CS 150 - PreLab 05

In this prelab you will formulate some of the ideas necessary to complete Lab 05. Please type your solutions, and hand in a paper copy before the beginning of lecture on Wednesday. Remember, no late prelabs allowed!

Part 0 - List Practice

1. Write a chunk of code that creates a list containing the first 30 fibonacci numbers (1, 1, 2, 3, 5, 8, and so on). Don't use any variables other than the list itself, and an index variable (i.e. don't duplicate the code we developed earlier to compute the fibonacci numbers -- use the list!).

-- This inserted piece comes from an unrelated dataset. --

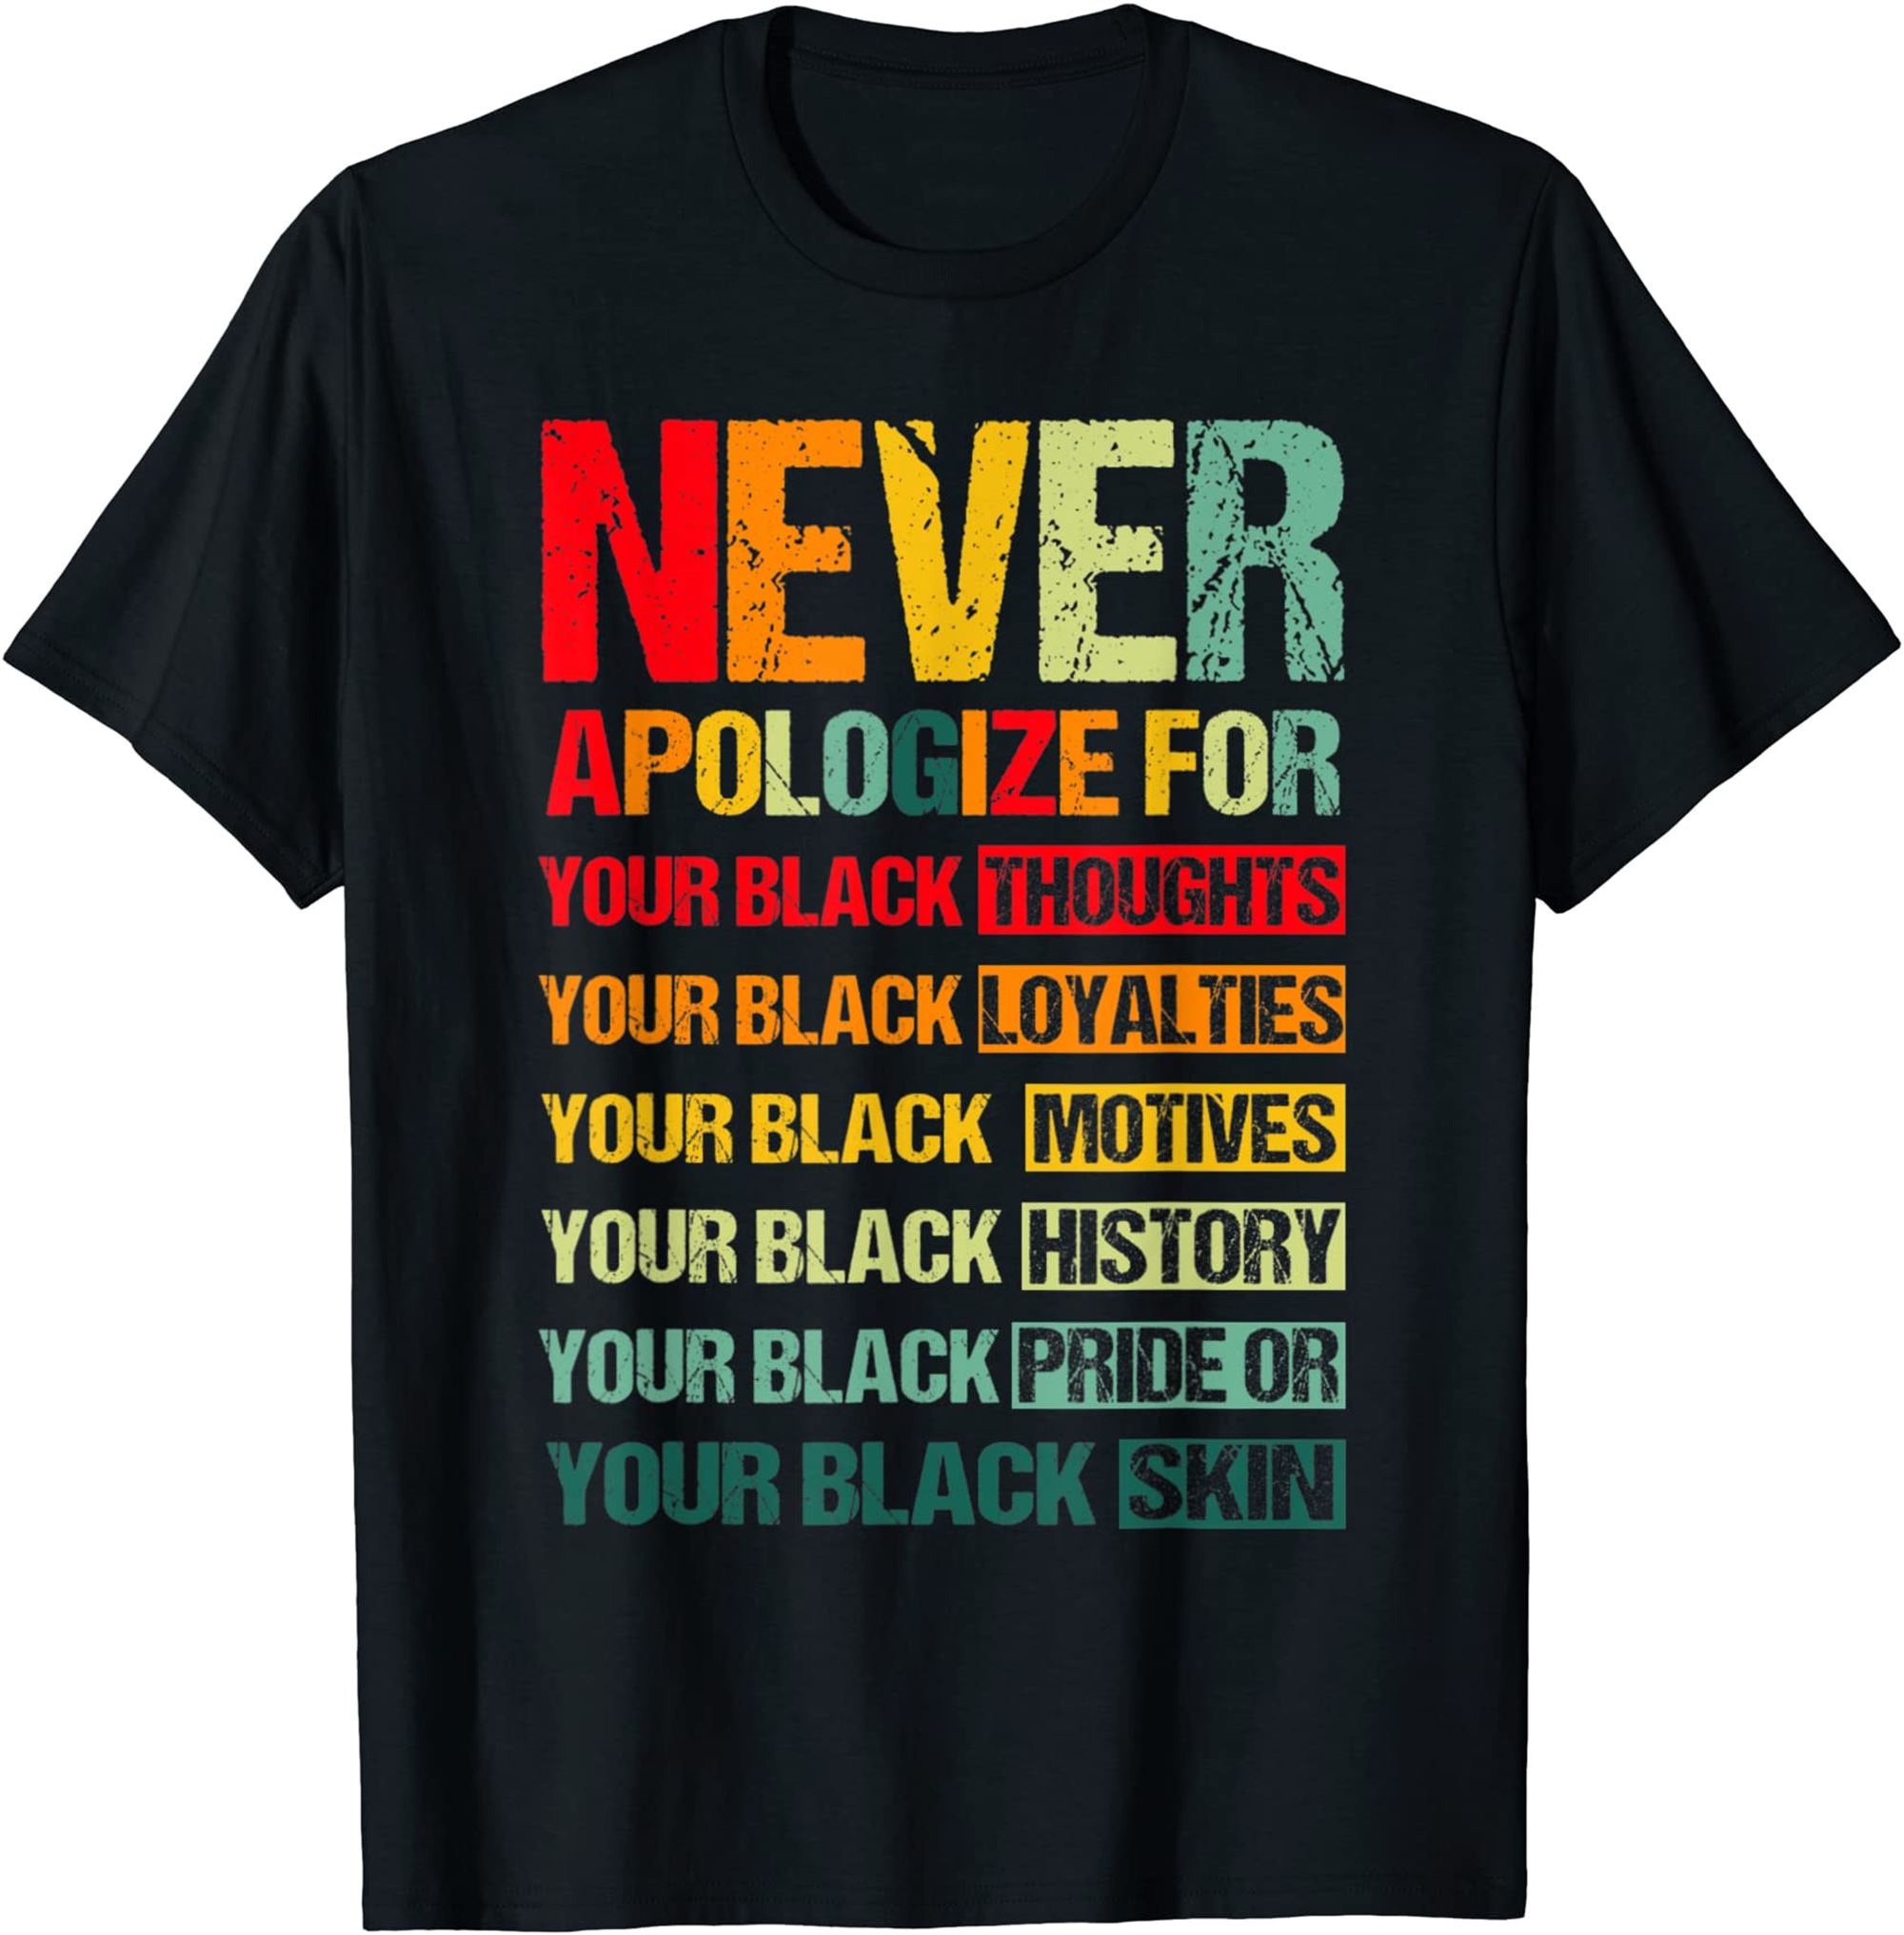 Never Apologize For Your Blackness Juneteenth Freedom 1865 T-shirt Full Size Up To 5xl
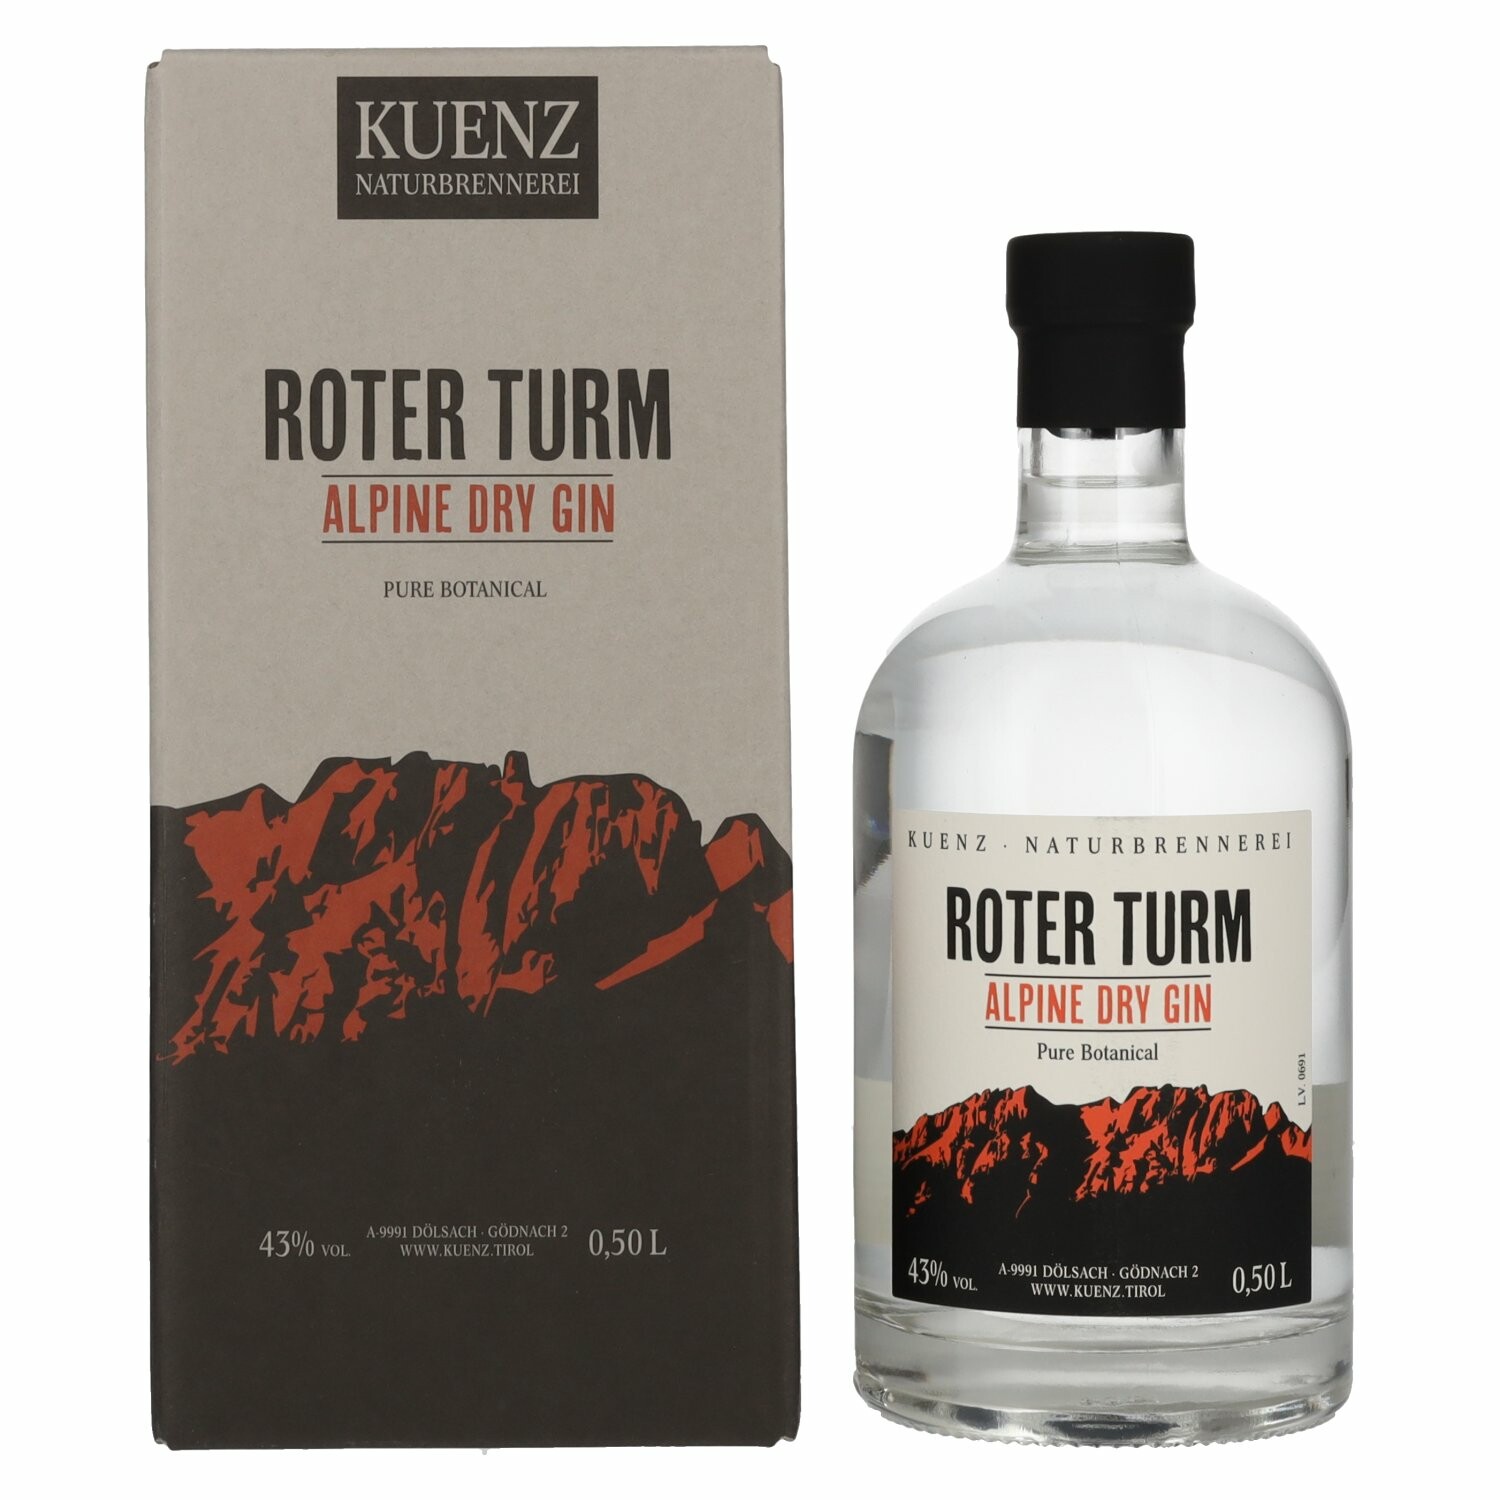 Roter Turm Alpine Dry Gin Pure Botanical 43% Vol. 0,5l in Giftbox

2. Write a chunk of code that prints the second largest integer in a list A of integers. You may assume A has already been declared and given values, and that all values are distinct. Don't use any Python list methods (like sort), and don't change the list. You should be able to find the second largest integer in a single pass through the list.

3. Write pseudocode for an algorithm that counts the number of pixels of every possible red value in a Picture. That is, the algorithm keeps track of how many pixels have a red value of 0, how many have a red value of 1, and so on, up to how many have a red value of 255.

Part 1 - Looking for a Match

As you may know, proteins are chains of molecules called amino acids. There are 20 amino acids, each of which is typically represented by a single letter, and any protein can be specified by its sequence of amino acids. This sequence determines the properties of the protein, including its 3D structure.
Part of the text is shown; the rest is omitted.